Two for Buccaneer. Here's two versions of the same shot. While the original is exposed fine it lacks interest and is cluttered. I knew this from my scouting of the venue so when I got back to my computer I pretty much knew what adjustments I wanted to make. First, a much tighter crop. Then blurring and darkening of the people and stands in the background. Notice how distracting the green hat and the guy in the upper left with the crazy hat are in the original. This was just to show the improvement that a few minutes of post processing can contribute. But the bottom line is that first the exposure, composition and focus has to be solid so that the shot has potential. (I could have tried for even a faster shutter than this 1/250 sec but that was pretty much wide open even on a F1.4 lens at iso 1600 so it was pretty much pushing to the edge of my equipment.)

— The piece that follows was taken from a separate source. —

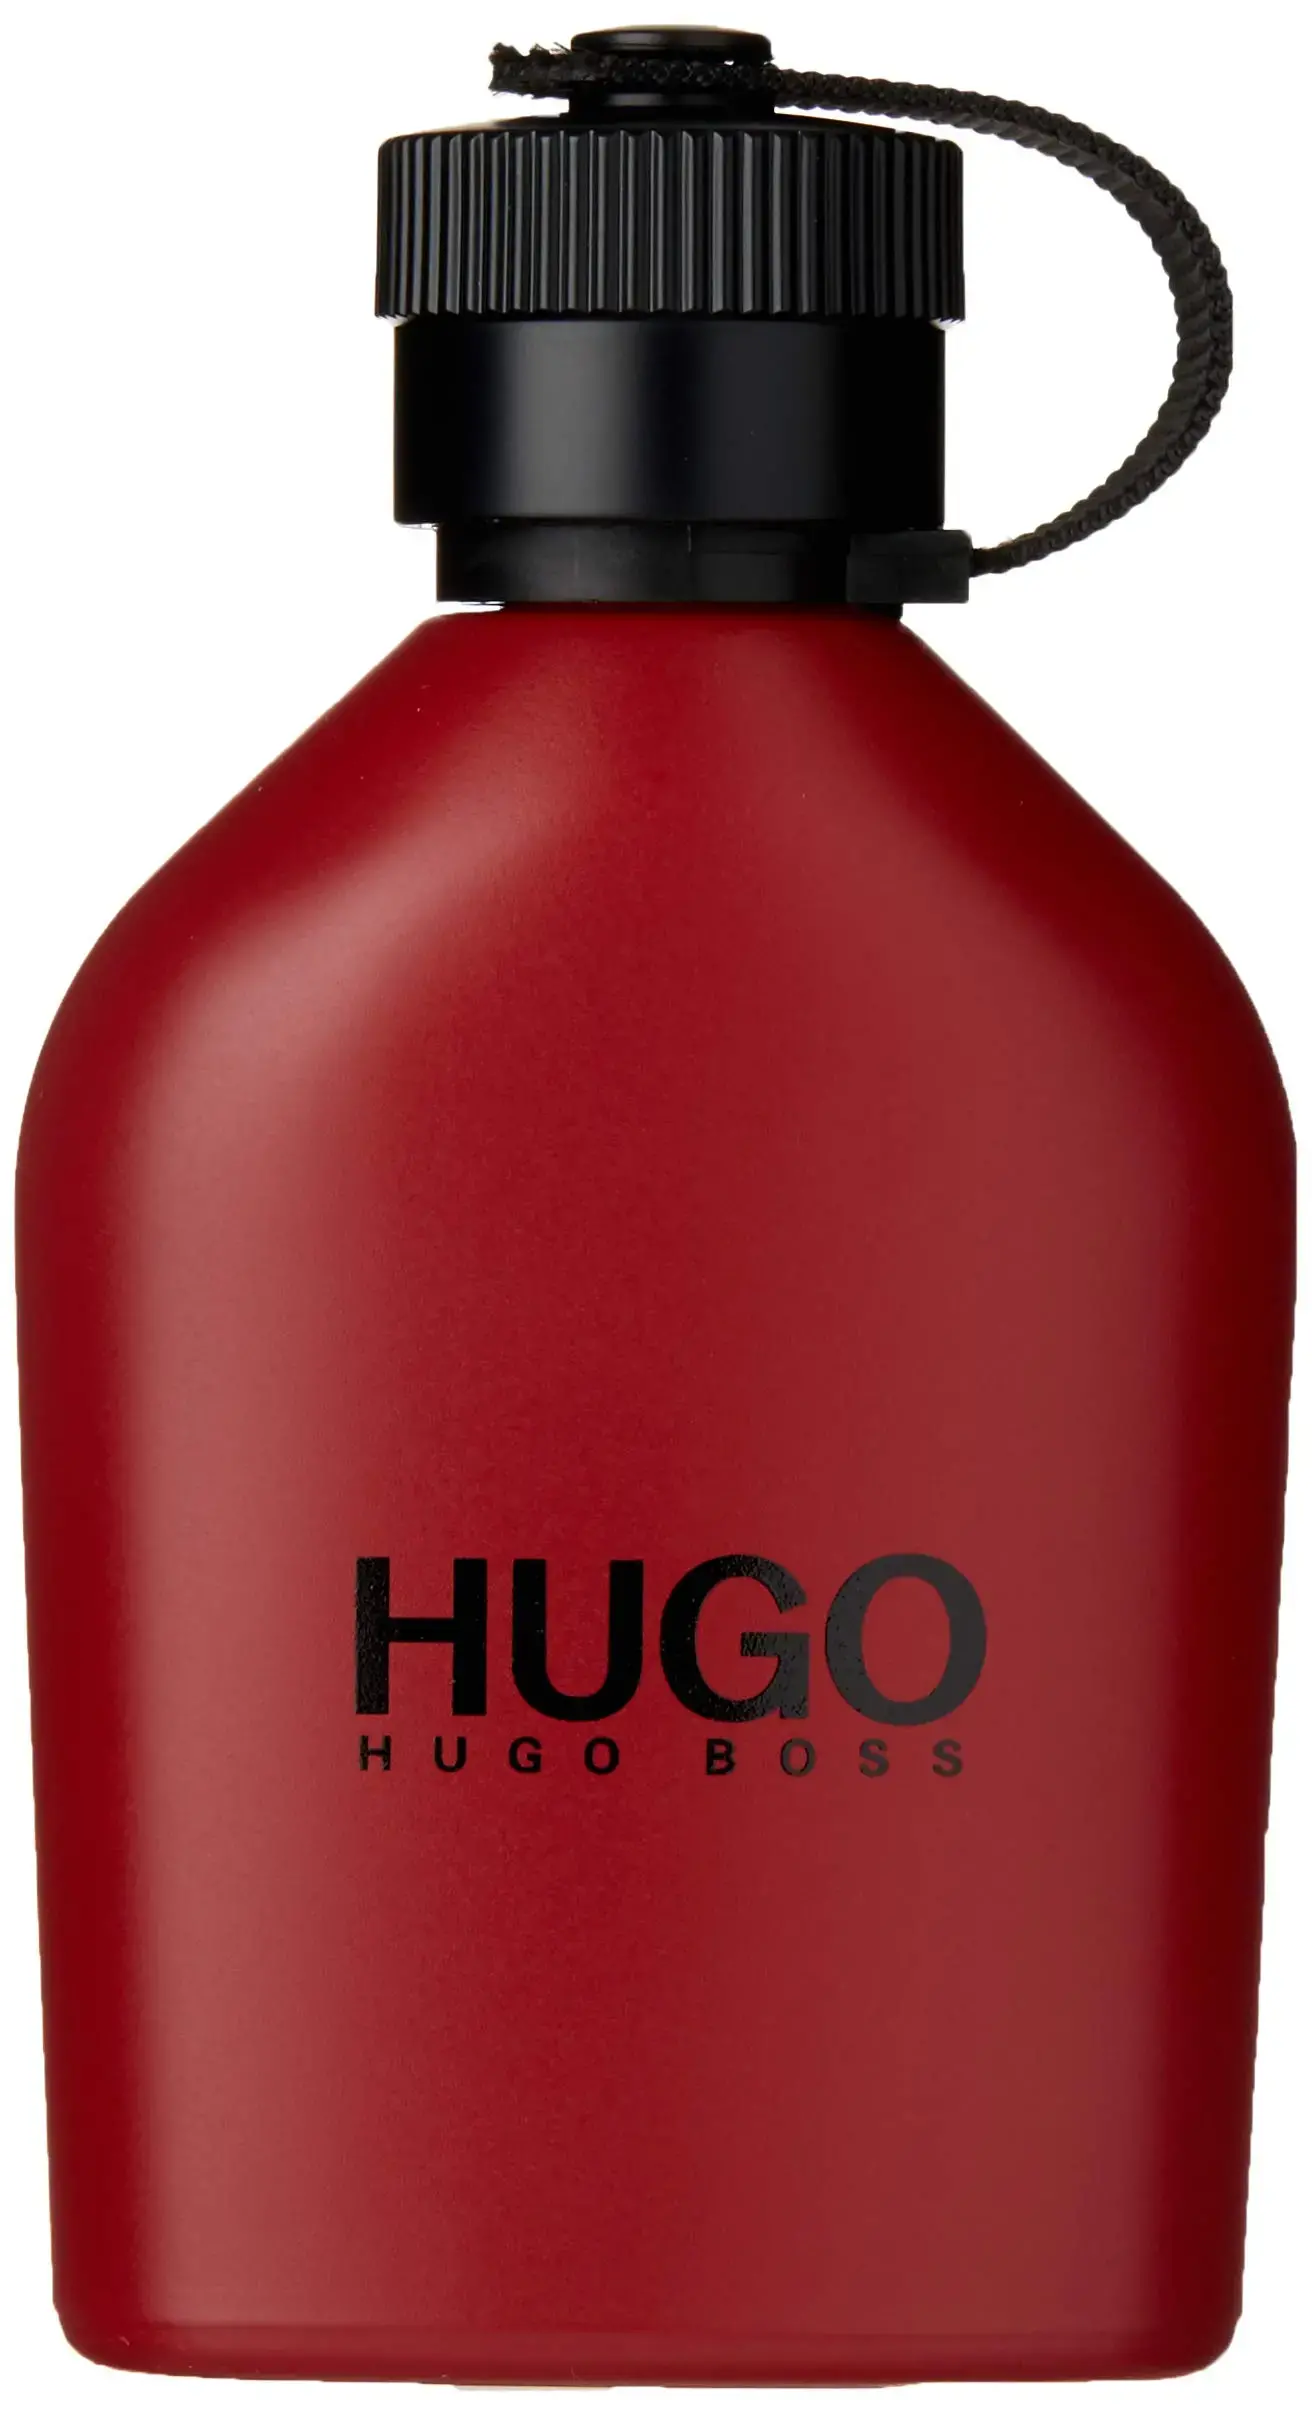 Хьюго босс ред. Hugo Boss Red Eau de Toilette. Hugo Boss "Hugo Red" EDT, 100ml. Hugo Boss man 125 ml. Hugo Boss Hugo Red men.

Also, I know BB well enough to capture the moment. A second sooner or later and the shot would not have been nearly as good.

Original










After minor post-processing


----------



## buccaneer (Mar 3, 2005)

Wow!:bow: I wish I could shoot pics like this. Even the original, non processed shot is beyond me at this point in time. Did you sit there without even breathing until the players presented themselves in this wonderful way? How did you manage to click at the precise curicial moment sir? I dont know anything about basketball but I'm sure the shot is the result of much much more than a good knowledge of the game! I love the pics, do post more of your awesome work sir! (Tells myself: so this is how the newspapers come up with their glorious shots of sports.) Ty so much sir, for posting this valuable lesson.

Edit: I just realized that when I take pics at higher iso's they have a lot of grains, so how did you manage to get such a lovely pic at iso 1600 sir?


----------